- Directed by: Emanuel Licha
- Written by: Emanuel Licha
- Produced by: Emanuel Licha
- Cinematography: Étienne Roussy
- Edited by: Ariane Pétel-Despots
- Music by: David Drury
- Production company: Les Films de L'Autre
- Distributed by: Les Films du 3 mars
- Release date: April 29, 2021 (Hot Docs);
- Running time: 86 minutes
- Country: Canada
- Languages: French Haitian Creole

= Zo Reken =

Zo Reken is a Canadian documentary film, directed by Emanuel Licha and released in 2021. Taking its name from a Haitian Creole slang term for the Toyota Land Cruiser, the film is an exploration of the impact of the international humanitarian aid apparatus in Haiti, centering on the ways in which it can be both a necessary lifeline and an instrument of economic inequality and repression.
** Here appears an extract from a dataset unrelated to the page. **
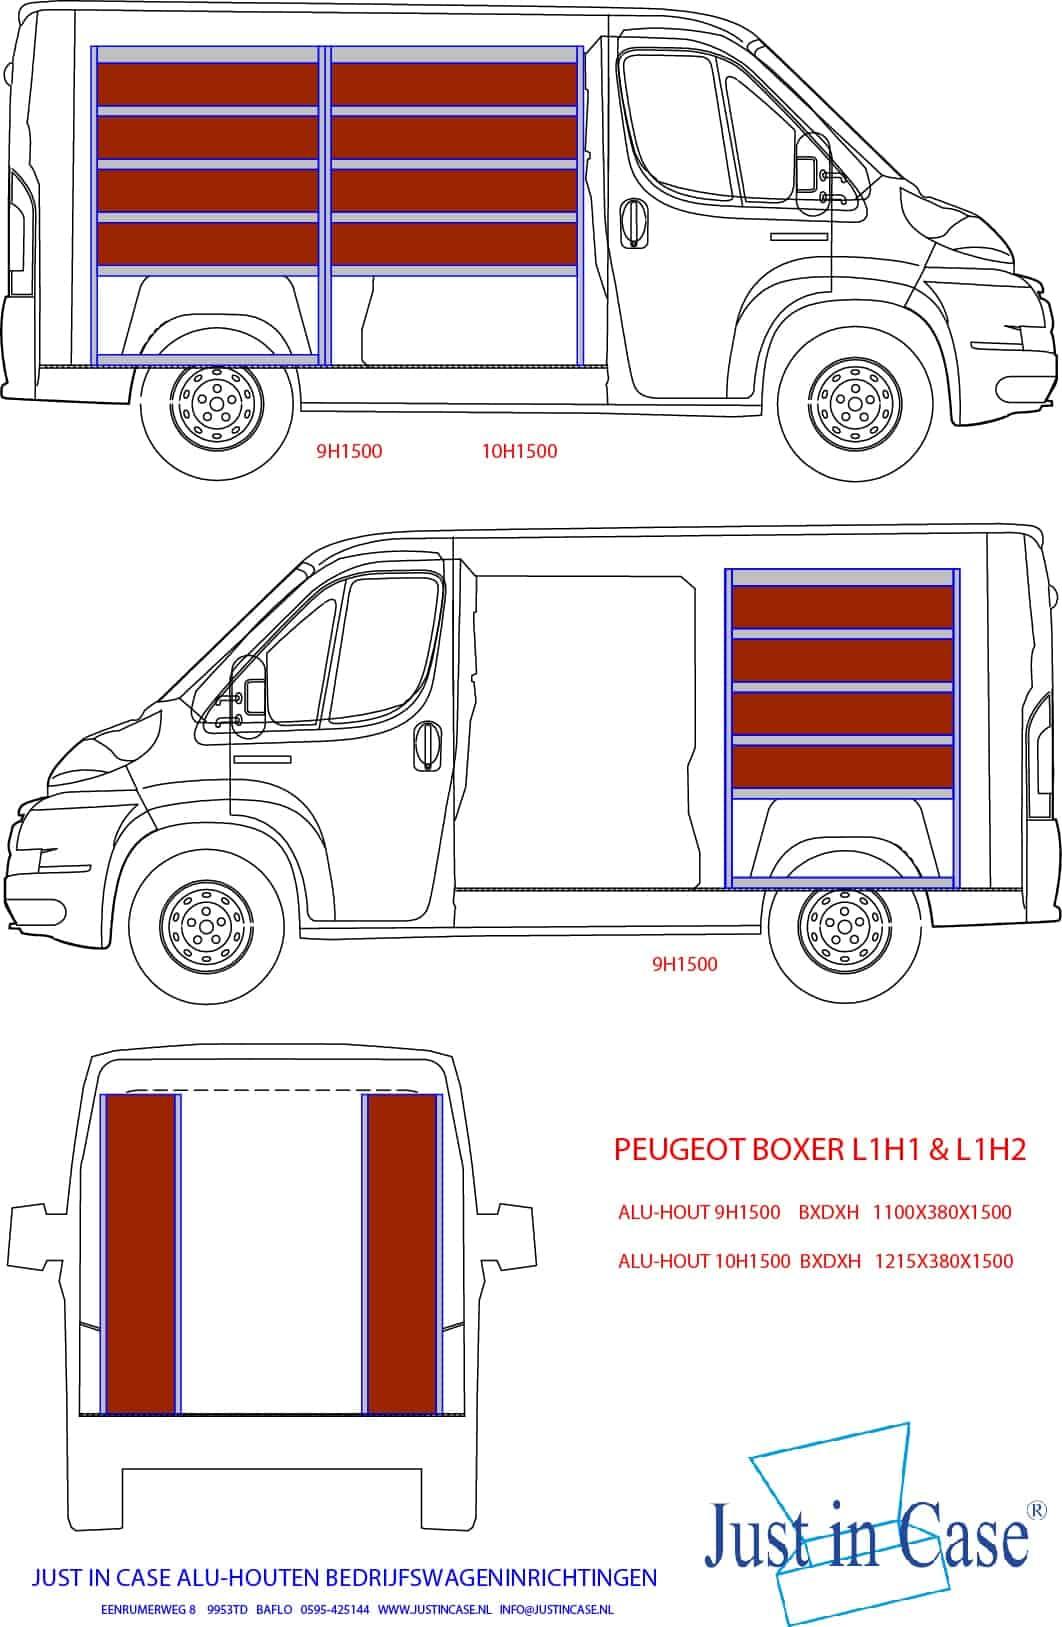 Peugeot Boxer bedrijfswageninrichting tekening
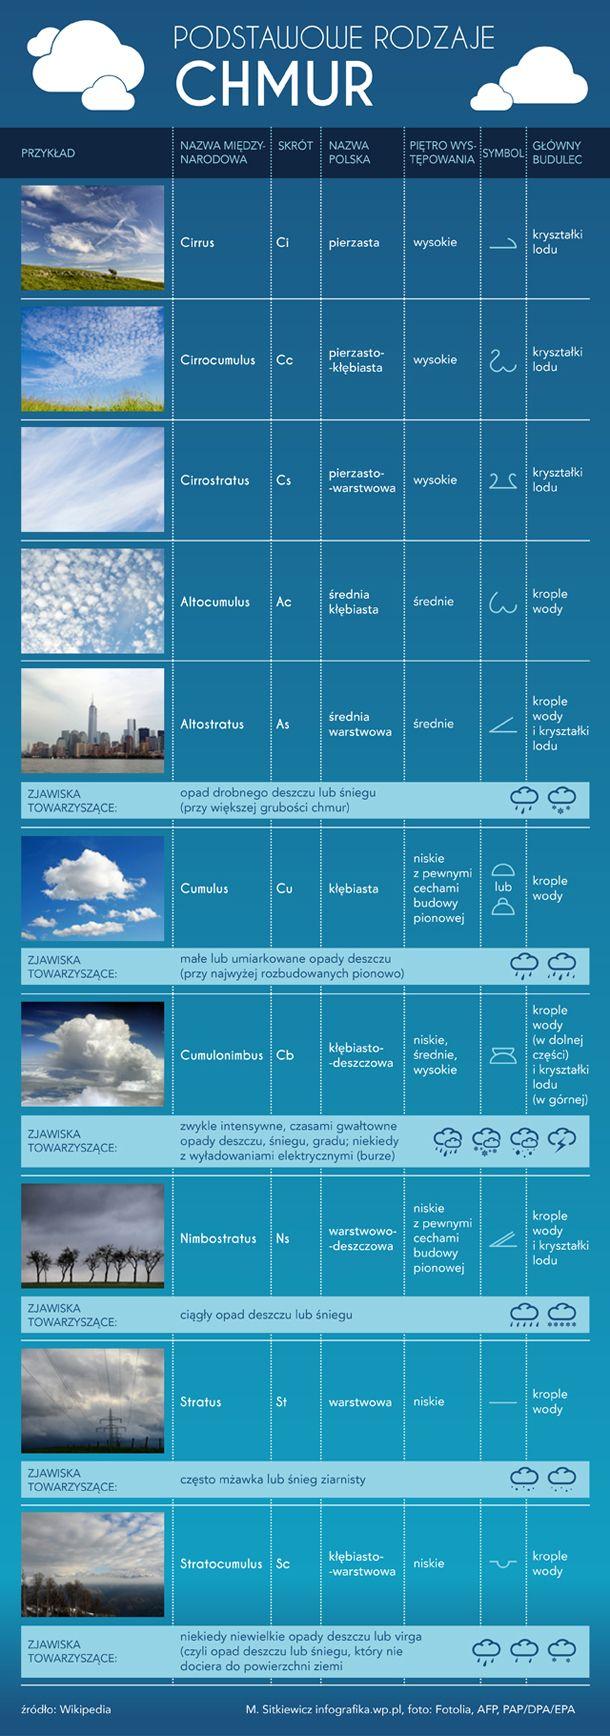 Widzisz Taka Chmure Lepiej Uciekaj Ciekawostki Edukacja Domowa

The film premiered at the 2021 Hot Docs Canadian International Documentary Festival, where it won the juried award for Best Canadian Feature Documentary. It won the award for Best Documentary Film at the 2021 Festival international du cinéma francophone en Acadie. At the 2021 Montreal International Documentary Festival, it won the Grand Prize, National Feature and the Student Jury Award, and received an honorable mention from the Magnus Isacsson Award jury.

It received two Canadian Screen Award nominations at the 11th Canadian Screen Awards in 2023, for Best Feature Length Documentary and Best Cinematography in a Documentary (Étienne Roussy).